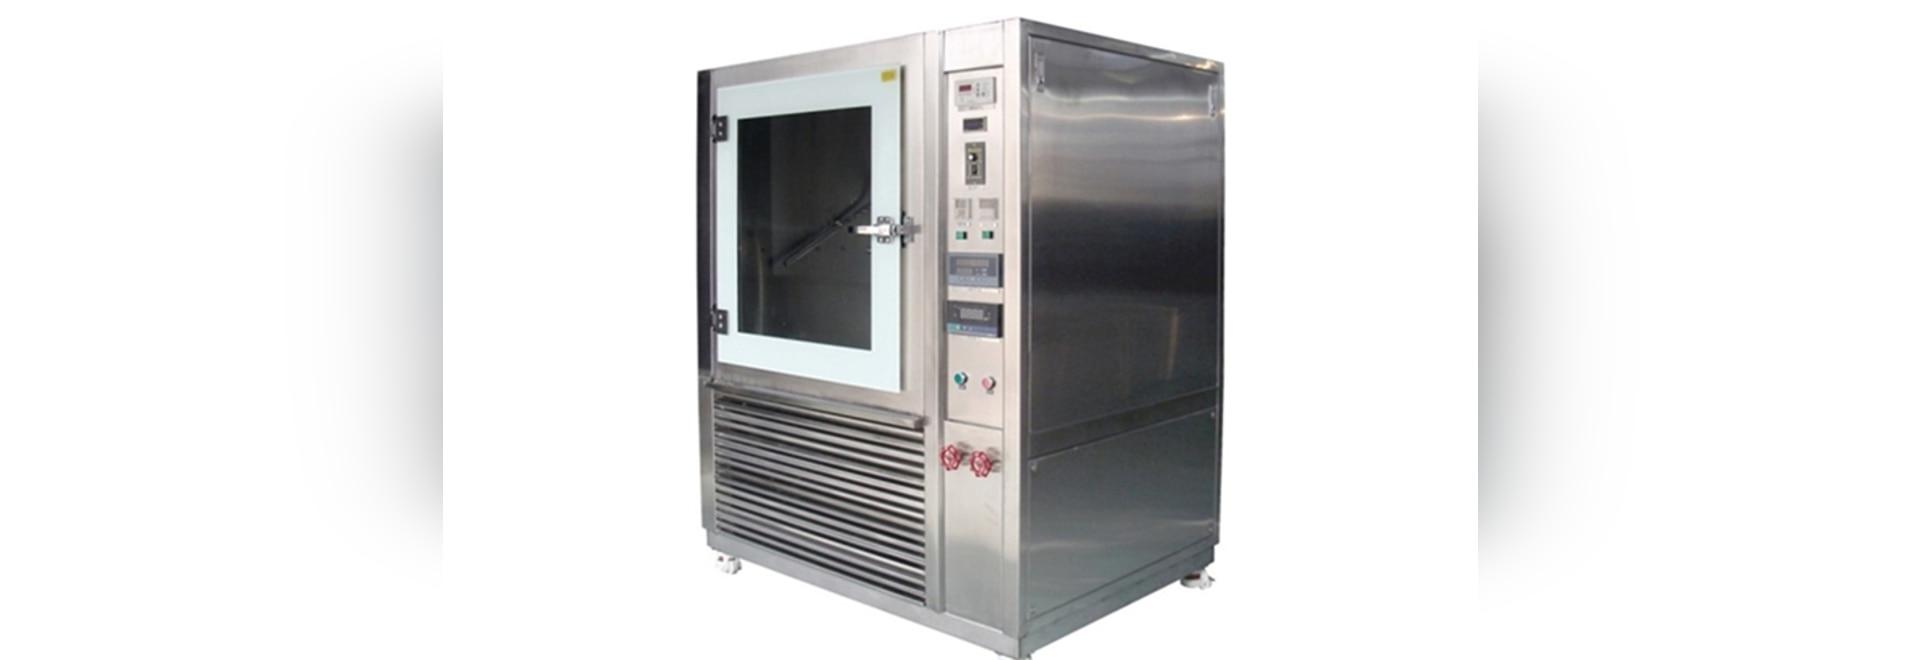 RT-1000A Rain Spray Test Chamber
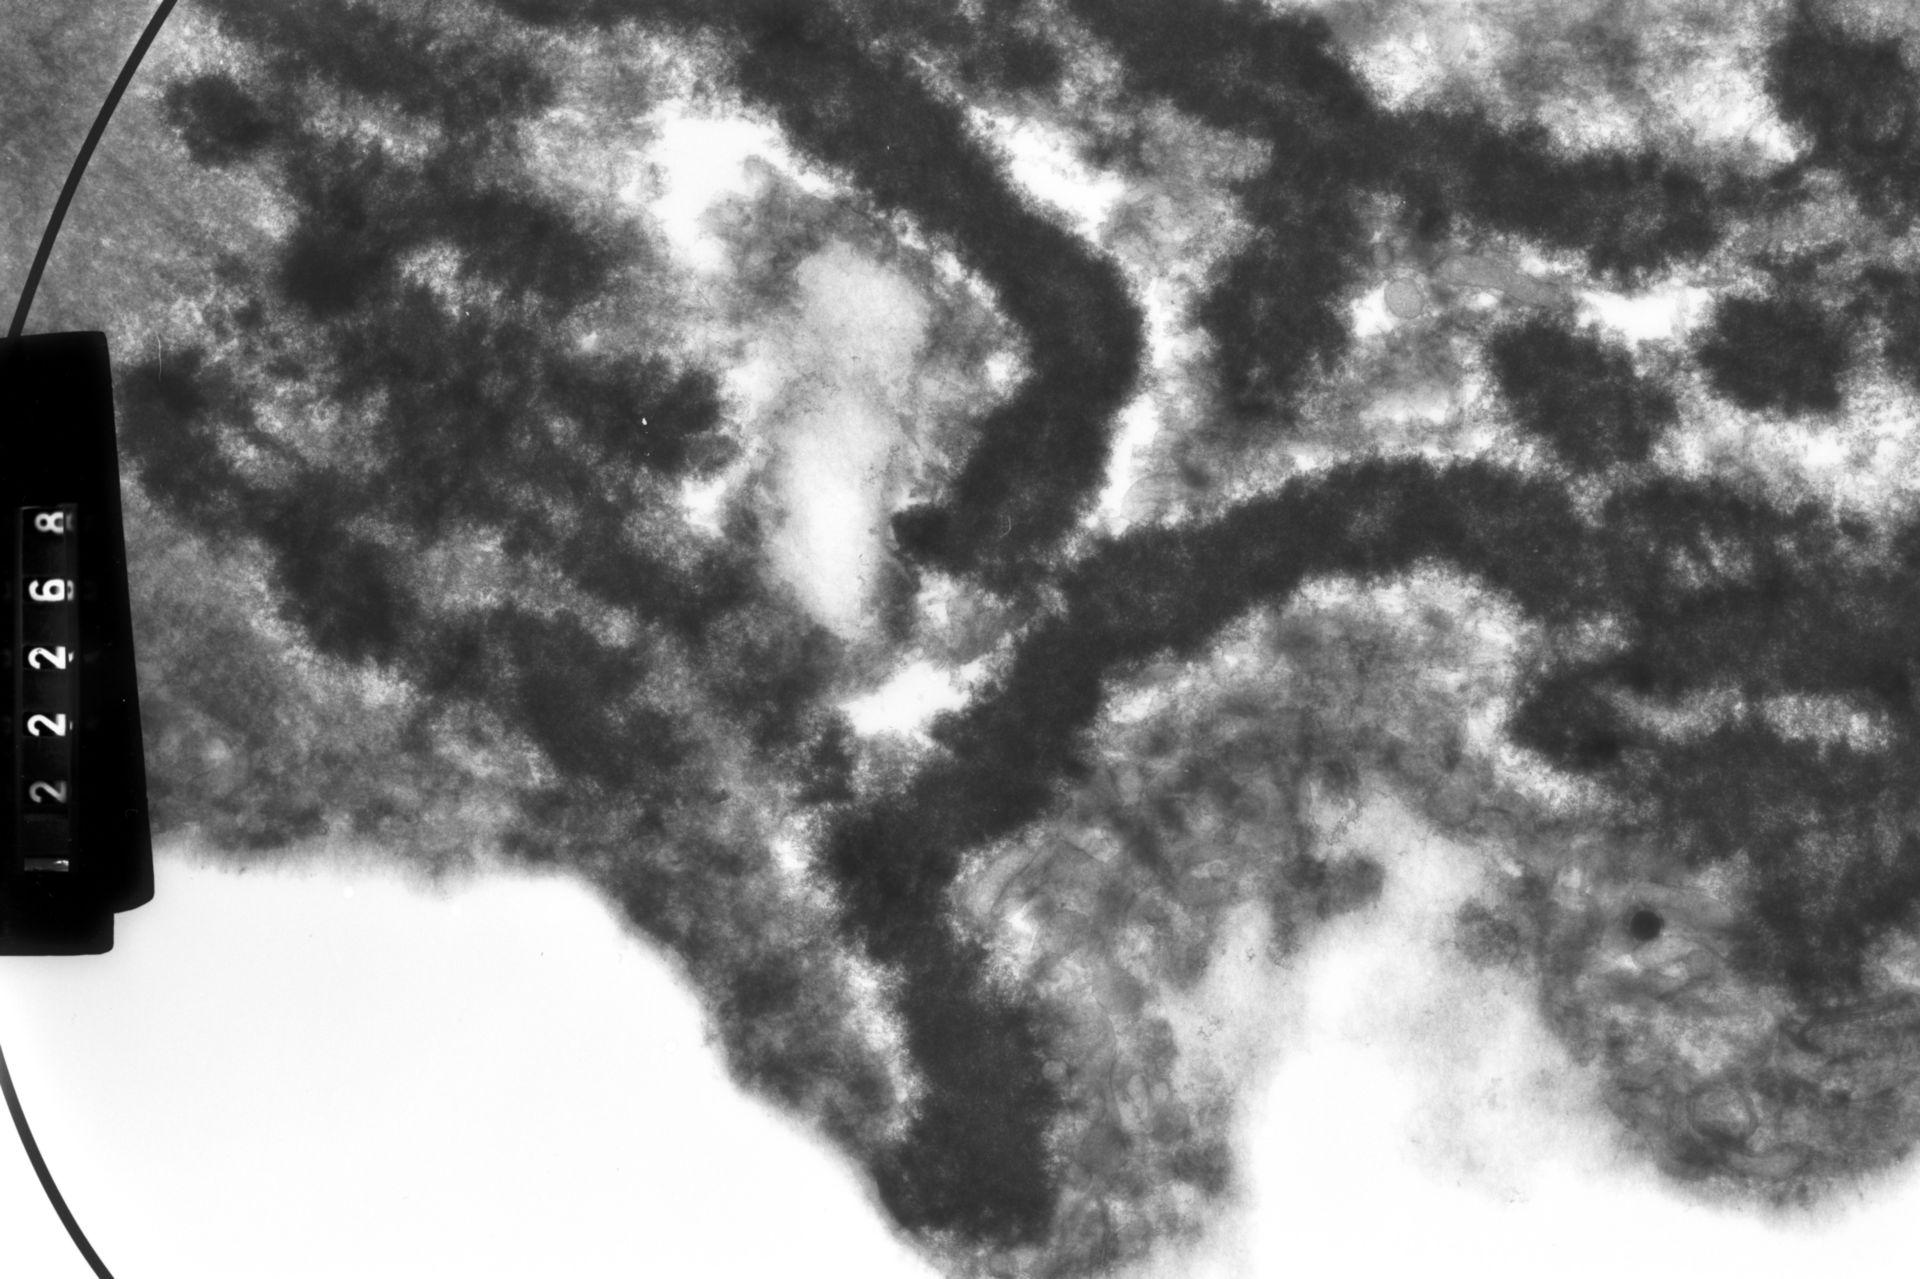 Haemanthus katharinae (Nuclear chromosome) - CIL:13191
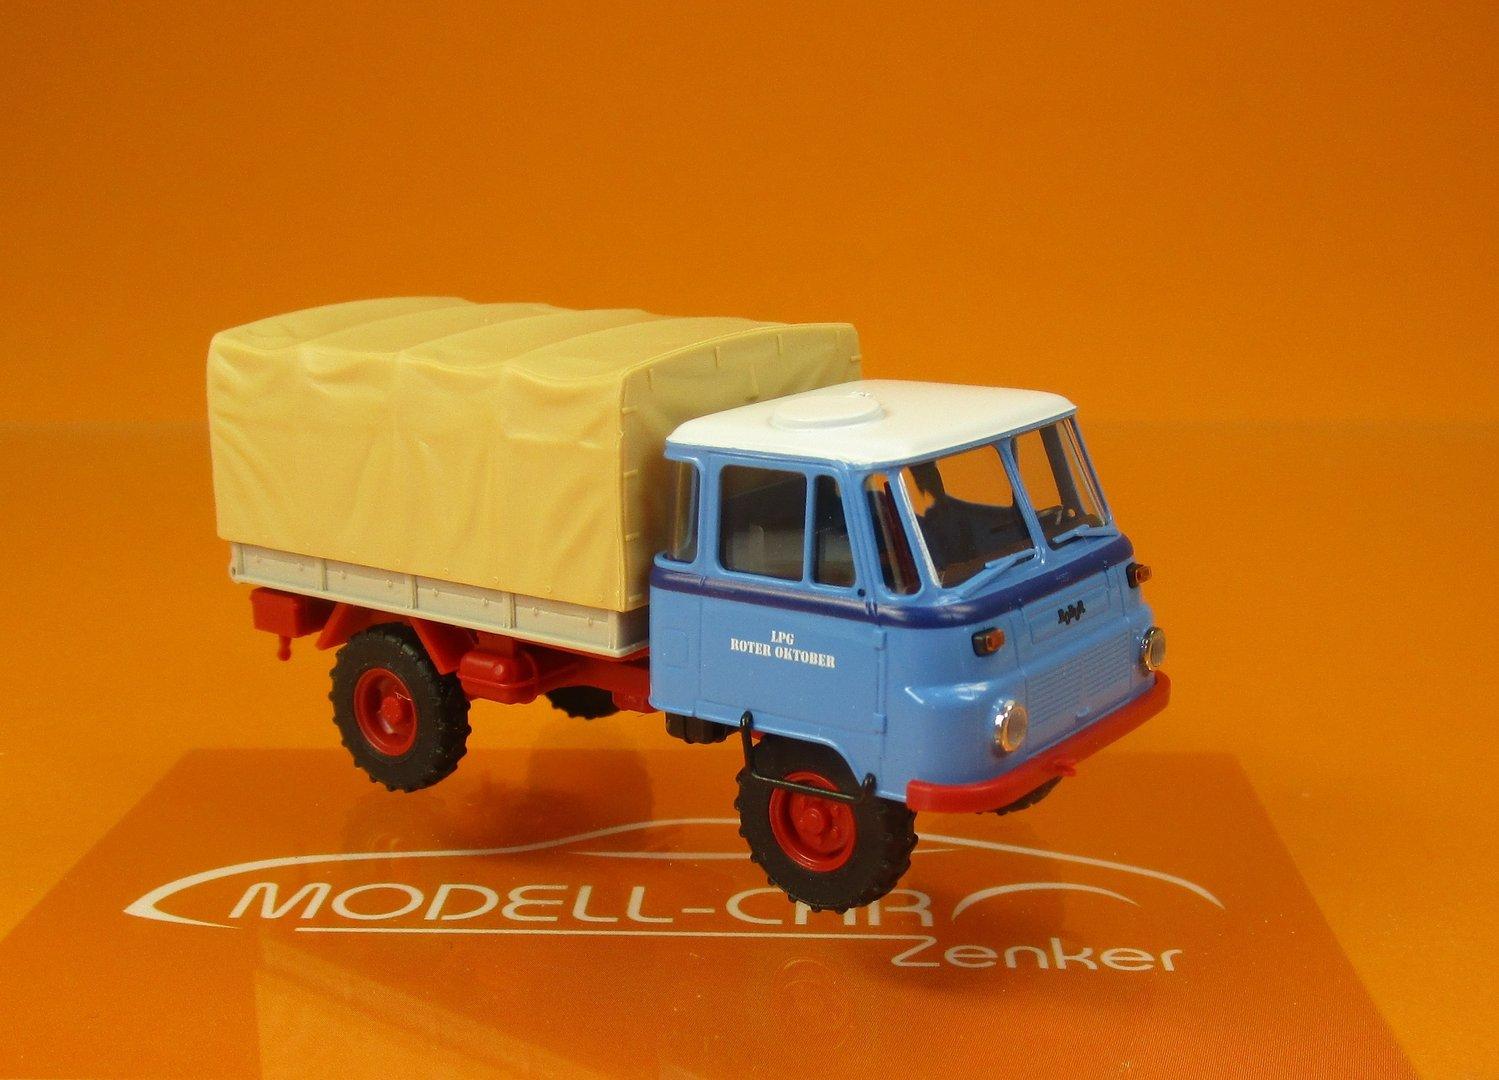 Busch MCZ 03 172 IFA Robur Lo 2002 A Holzpritsche LPG Roter Oktober Scale 1 87

■ ■ ■

Please reproduce nothing but the lines from the one containing "Haemanthus katharinae (Nuclear" through the closing line of the listing, retyped word for word, pictures excluded.

- Solution for this task
 Haemanthus katharinae (Nuclear chromosome) - CIL:13191
 Busch MCZ 03 172 IFA Robur Lo 2002 A Holzpritsche LPG Roter Oktober Scale 1 87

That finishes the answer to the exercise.